Funders are sensitive to the rising regulatory focus on customer outcomes and transparency flowing from the Hayne royal commission, and trust is a key element of premium funding arrangements, particularly given the importance of client-broker relationships.

“Brokers get to know how funders treat their clients and there is an incredible amount of trust when a broker recommends a client uses a funder.”

“We try our best to make sure we really help with that relationship,” Mr Hayward says. “Brokers get to know how funders treat their clients and there is an incredible amount of trust when a broker recommends a client uses a funder.”

For premium funding providers, the offering is lowrisk compared to products elsewhere in financial services. Ultimately, if a client fails to make payments the cover can be cancelled and the balance repaid by the insurer to the funder.

Allianz Australia-owned Hunter Premium Funding is the largest provider, while other participants include Bank of Queensland, which acquired Centrepoint Alliance Premium Funding in late 2016.

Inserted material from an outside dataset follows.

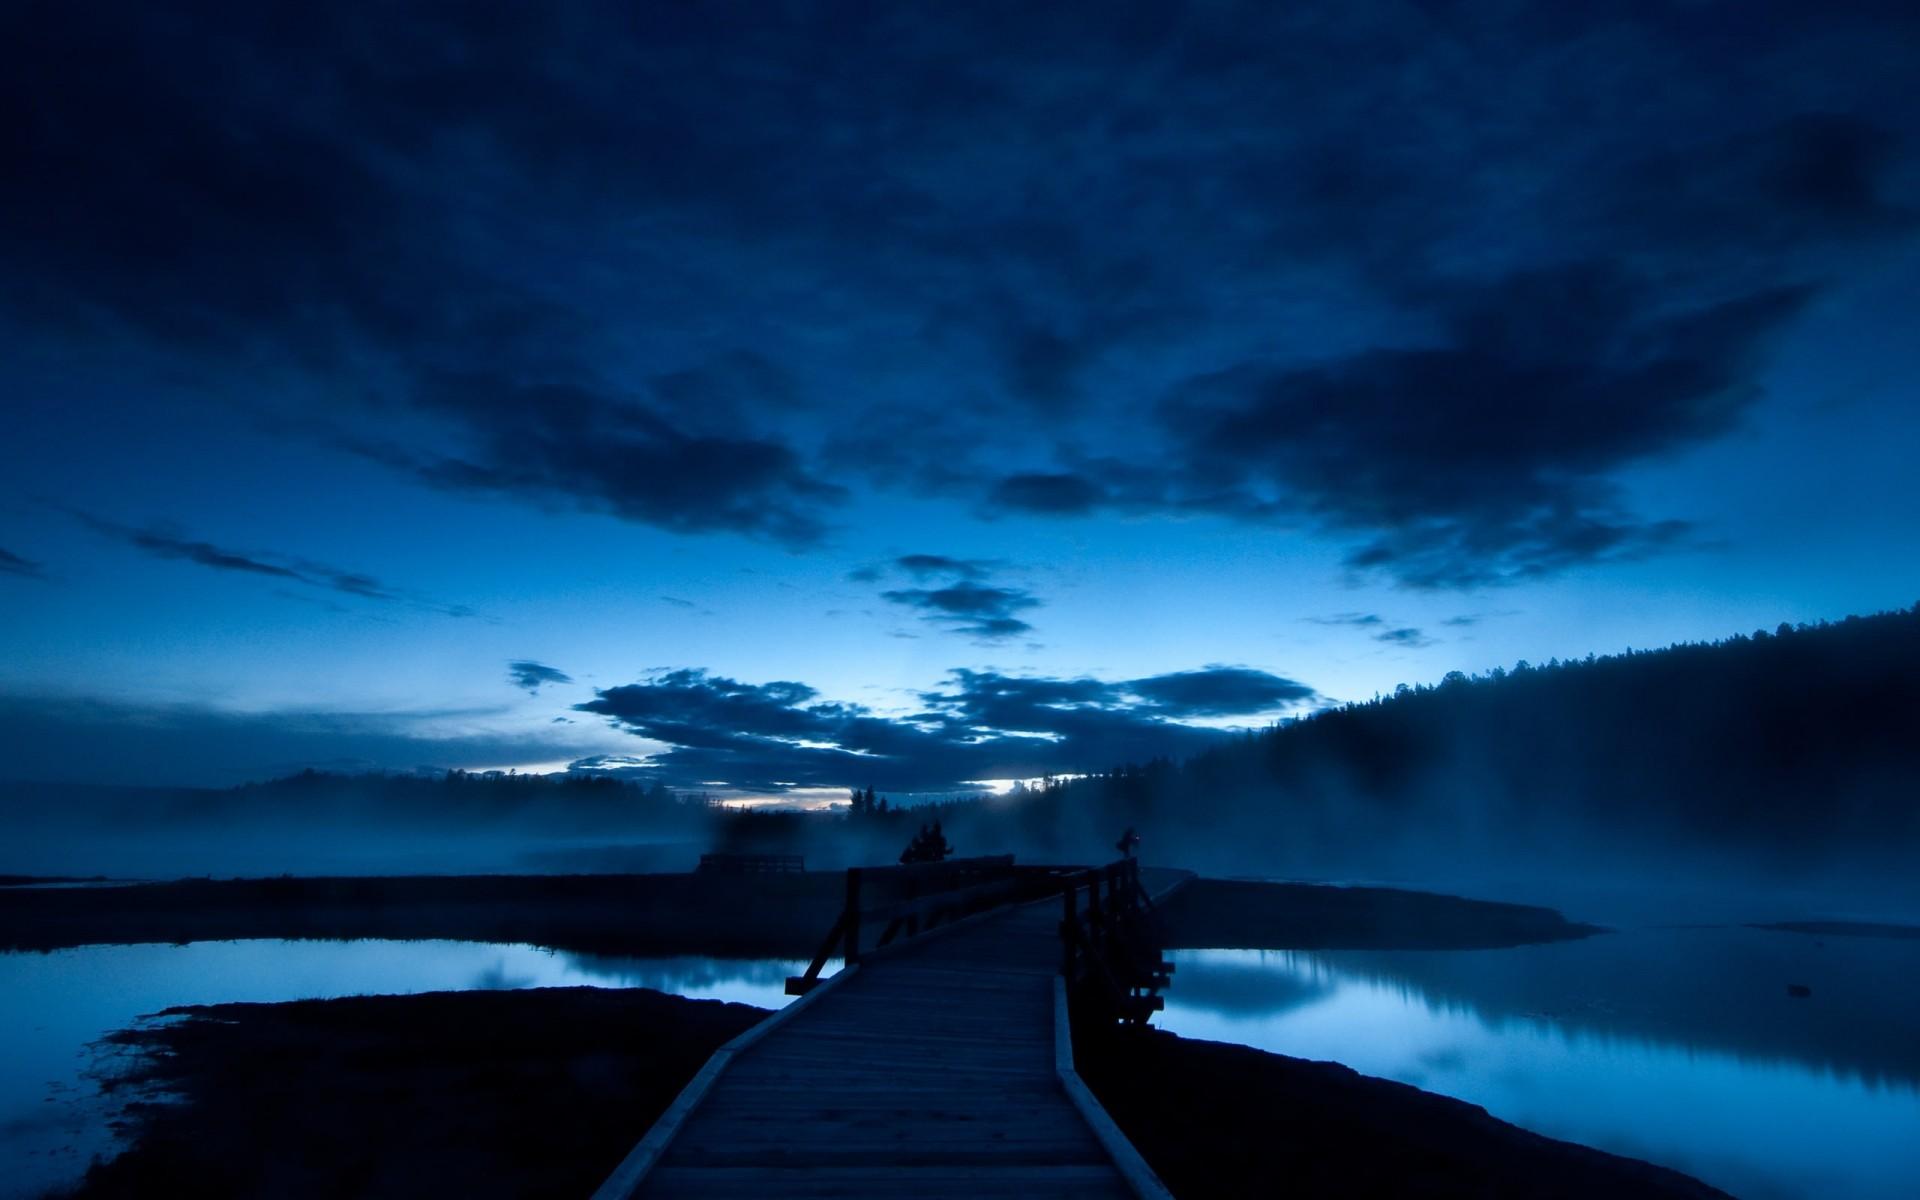 мост закат озеро небо загрузить

Mr Hayward says there has been some consolidation in the industry over the years, but it is a sector unlikely to draw a rush of new entrants.

“The margins are very tight and that is just the nature of the secure product,” Mr Hayward says. “The big end of town is incredibly cheap, so you have ended up with six or seven funders that now do big volumes/high turnover.

“It wouldn’t be easy to be a start-up premium funder. To make it worthwhile you need some big volumes because the margins are so low.”

Factors influencing uptake include ease of purchase, the degree to which it is promoted as well as business and economic conditions.

A hardening market could play into demand for funding, with rates in some classes and geographies recently rising strongly, including liability and higher-risk commercial property, as corrective actions have been taken by insurers following an extended period of weaker conditions.

Some clients will simply always prefer to pay upfront if possible, while research suggests that most companies which have adopted premium funding once will probably continue with the arrangement for at least the next few years.

The level to which brokers highlight premium funding to their clients varies, but technological changes have facilitated the process, reducing the paperwork and making it more visible. That trend is expected to continue as systems further improve.

“Fortunately, a lot of the brokers now have a lot more automation around funding and it is offered on the bottom of invoices in a majority of cases, so it is there as an option,” Mr Hayward says.

Buying trends across many different services at the smaller end of the market, particularly given the digital transformation of payment systems, are also filtering upward and will potentially have a greater impact, especially in the case of SMEs.

“It has just become so common that everyone is paying by the month on home and car and even life insurance,” Mr Hayward says. “The domestic direct-to-consumer insurers are probably assisting us because of the fact that it is so normal that everything is paid monthly these days.”

A survey by Premium Funding a few years ago, sent to a cross-section of brokers, found manufacturing, construction and retail were the top industries using funding arrangements. That was followed by accommodation and food, transport, and property.

Looking ahead, business conditions across the economy are particularly difficult to forecast in the current environment, but decisions around cashflow are likely to be even more critical.

Firms will be considering their investment priorities, financial obligations and required levels of insurance cover, and premium funders will have an important part to play.